There is increasing interest in identifying high‐quality physicians, such as whether physicians perform above or below a threshold level. To evaluate whether current methods accurately distinguish above‐ versus below‐threshold physicians, we estimate misclassification rates for two‐category identification systems.
Claims data for Medicare fee‐for‐service beneficiaries residing in Florida or New York in 2010.
Estimate colorectal cancer, glaucoma, and diabetes quality scores for 23,085 physicians. Use a beta‐binomial model to estimate physician score reliabilities. Compute the proportion of physicians whose performance tier would be misclassified under three scoring systems.
In the three scoring systems, misclassification ranges were 8.6–25.7 percent, 6.4–22.8 percent, and 4.5–21.7%. True positive rate ranges were 72.9–97.0 percent, 83.4–100.0 percent, and 34.7–88.2 percent. True negative rate ranges were 68.5–91.6 percent, 10.5–92.4 percent, and 81.1–99.9 percent. Positive predictive value ranges were 70.5–91.6 percent, 77.0–97.3 percent, and 55.2–99.1 percent.

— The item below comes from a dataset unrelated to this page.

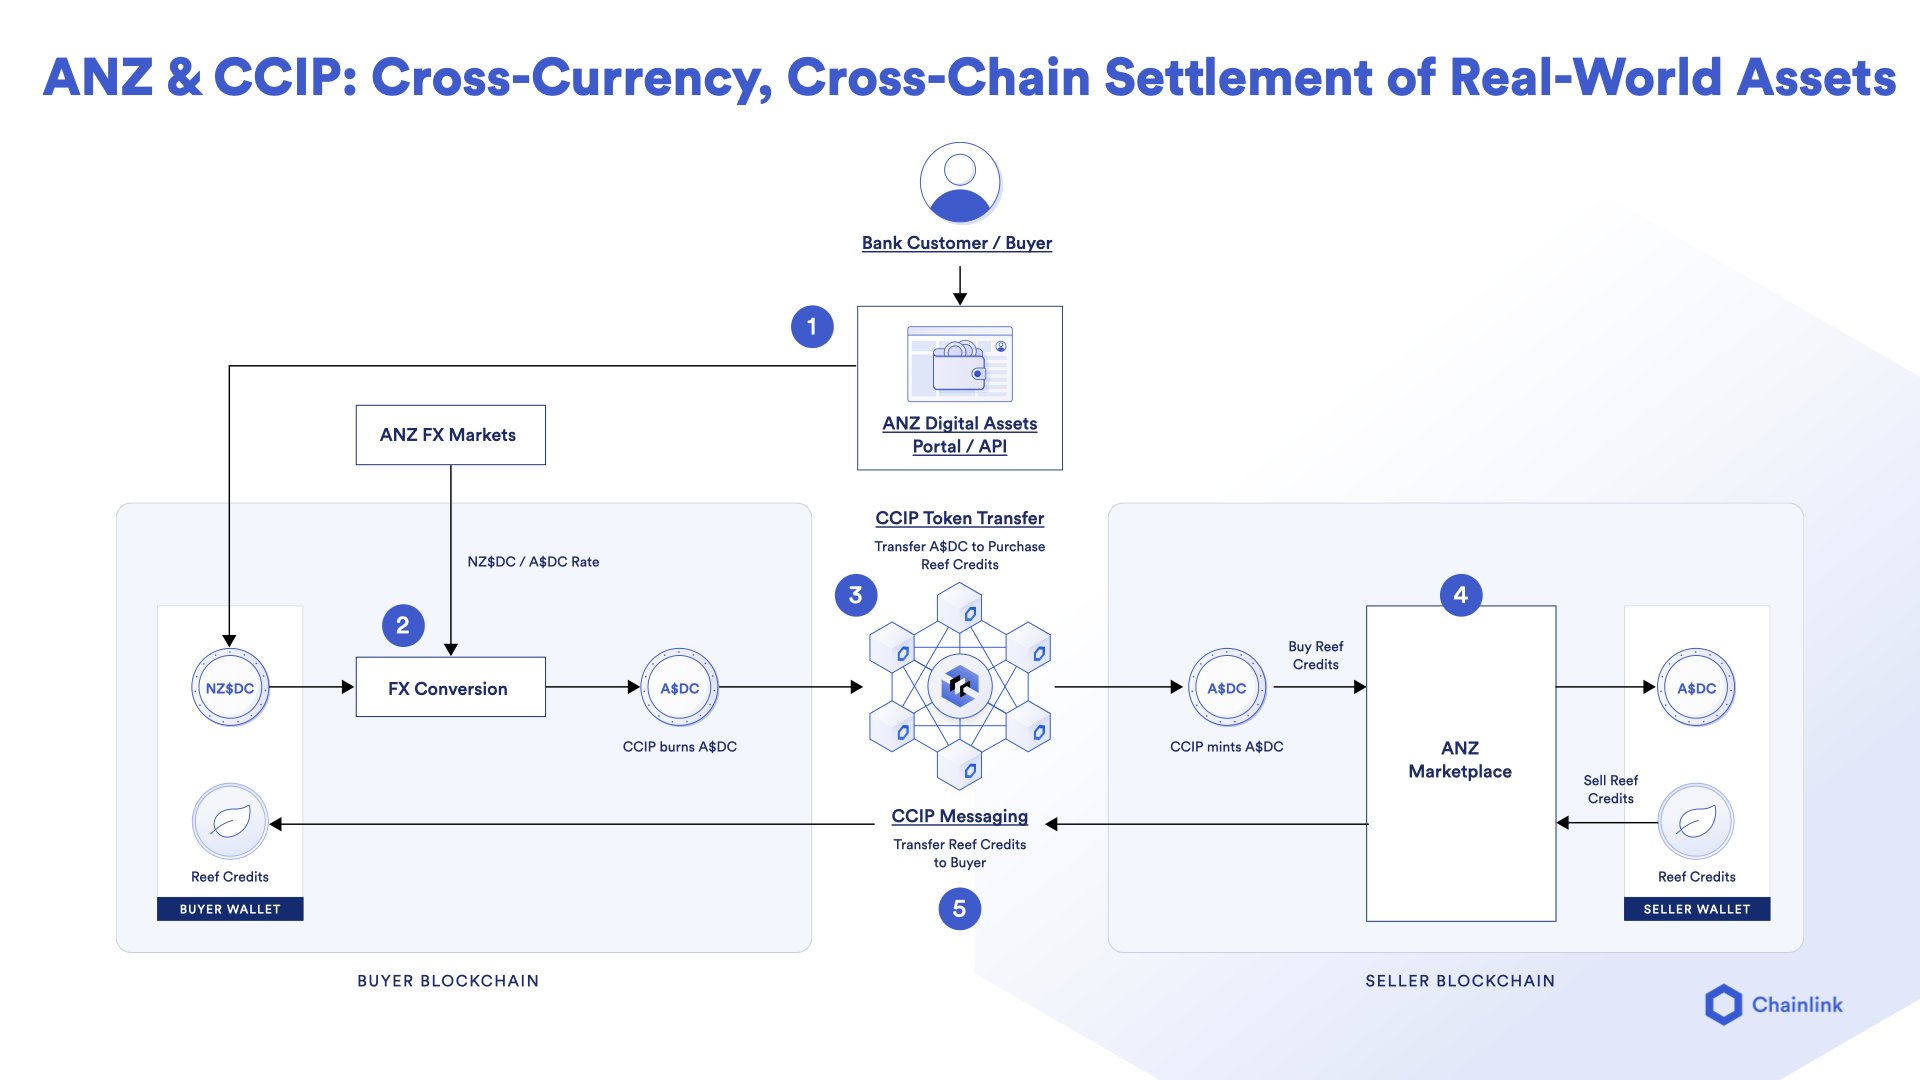 ANZ & CCIP: Cross-Currency, Cross-Chain Settlement of Real-World Assets.
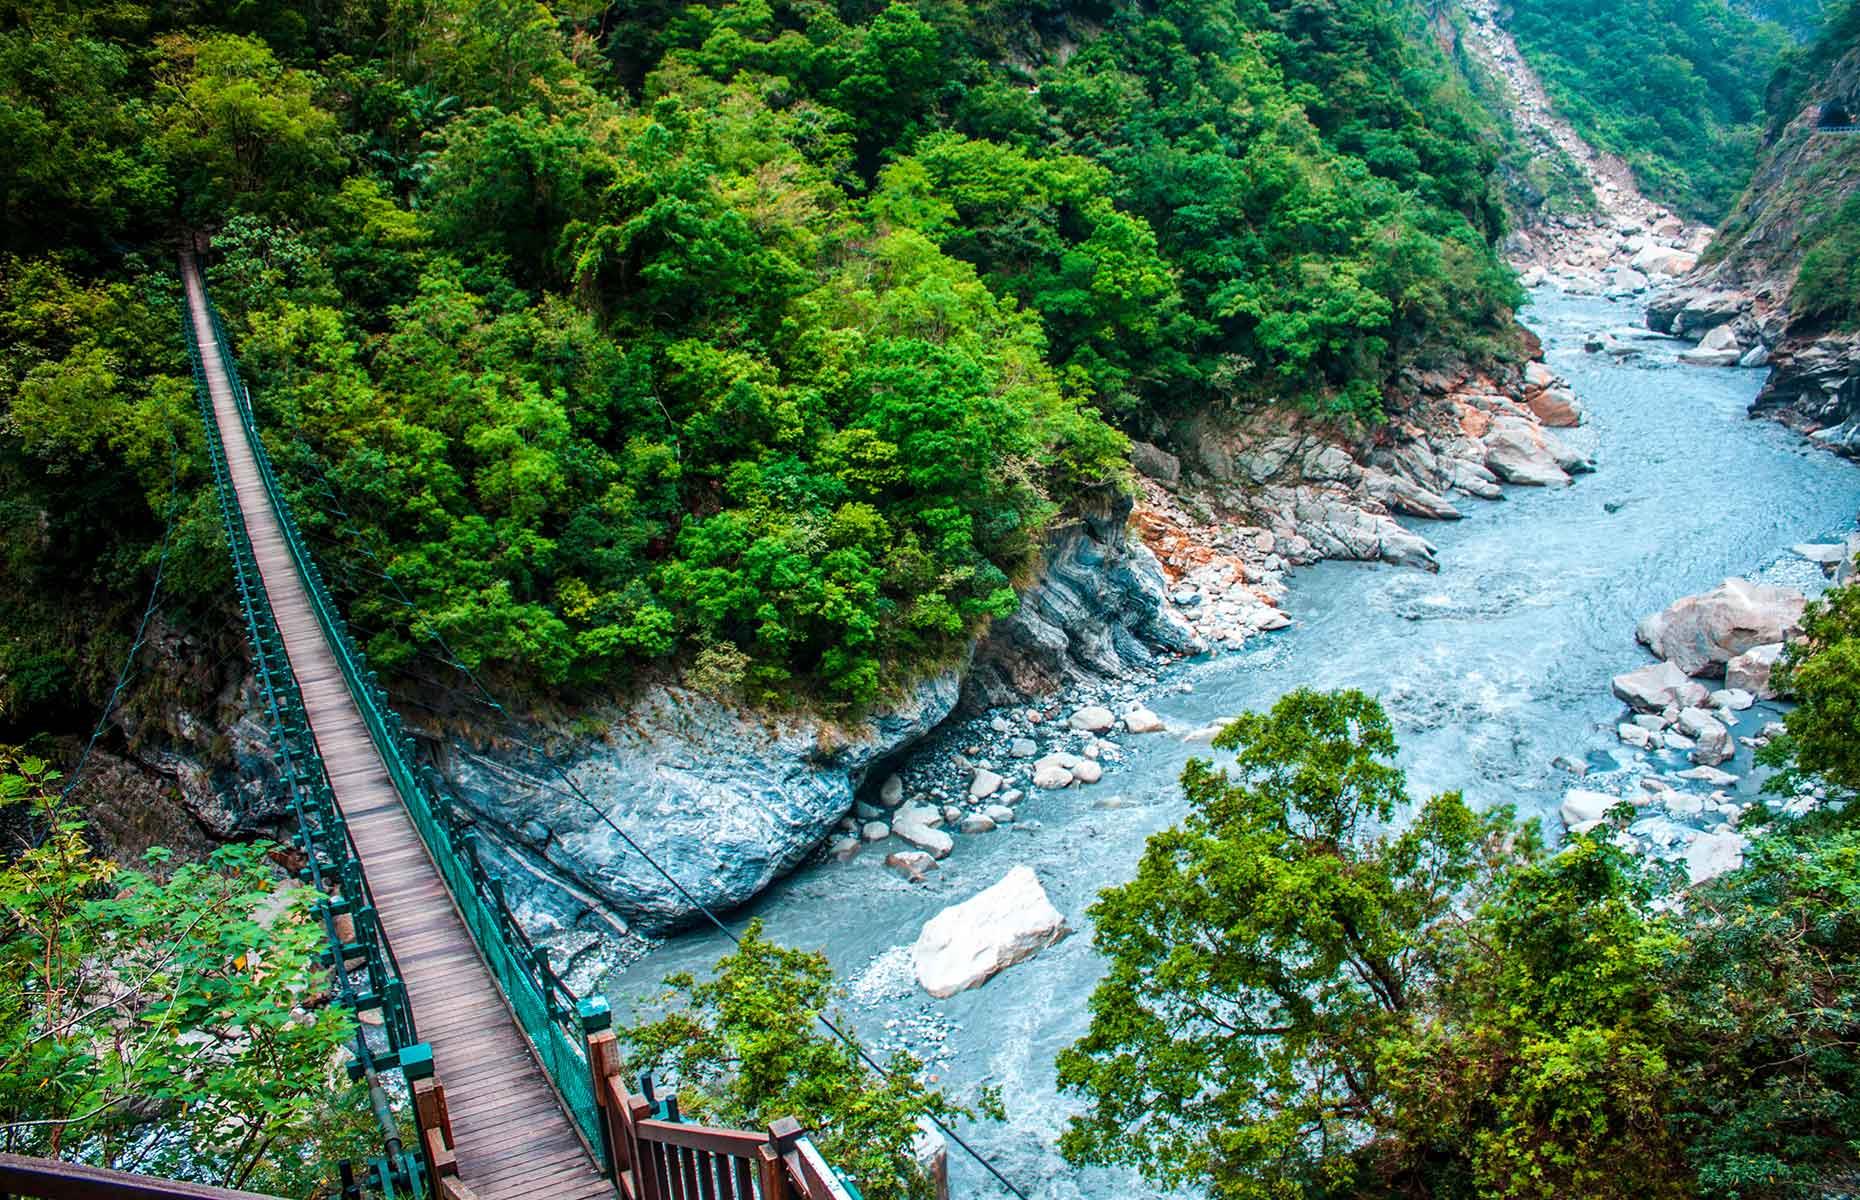 <p>Taroko Gorge is what Hualien County is pretty much best known for. This natural wonder is located in Taroko National Park and was named after the indigenous Truku tribe. Its marble cliffs are carpeted in subtropical forests with emerald-colored rivers winding their way through. There are hundreds of bird and butterfly species that live in the crags and, thanks to its vast size, more than enough places to find a spot of quiet – the 1.24-mile-long (2km) Lushui Trail is a highlight.</p>

Current methods for profiling physicians on quality may produce misleading results, as the number of eligible events is typically small. Misclassification is a policy‐relevant measure of the potential impact of tiering on providers, payers, and patients. Quantifying misclassification rates should inform the construction of high‐performance networks and quality improvement initiatives.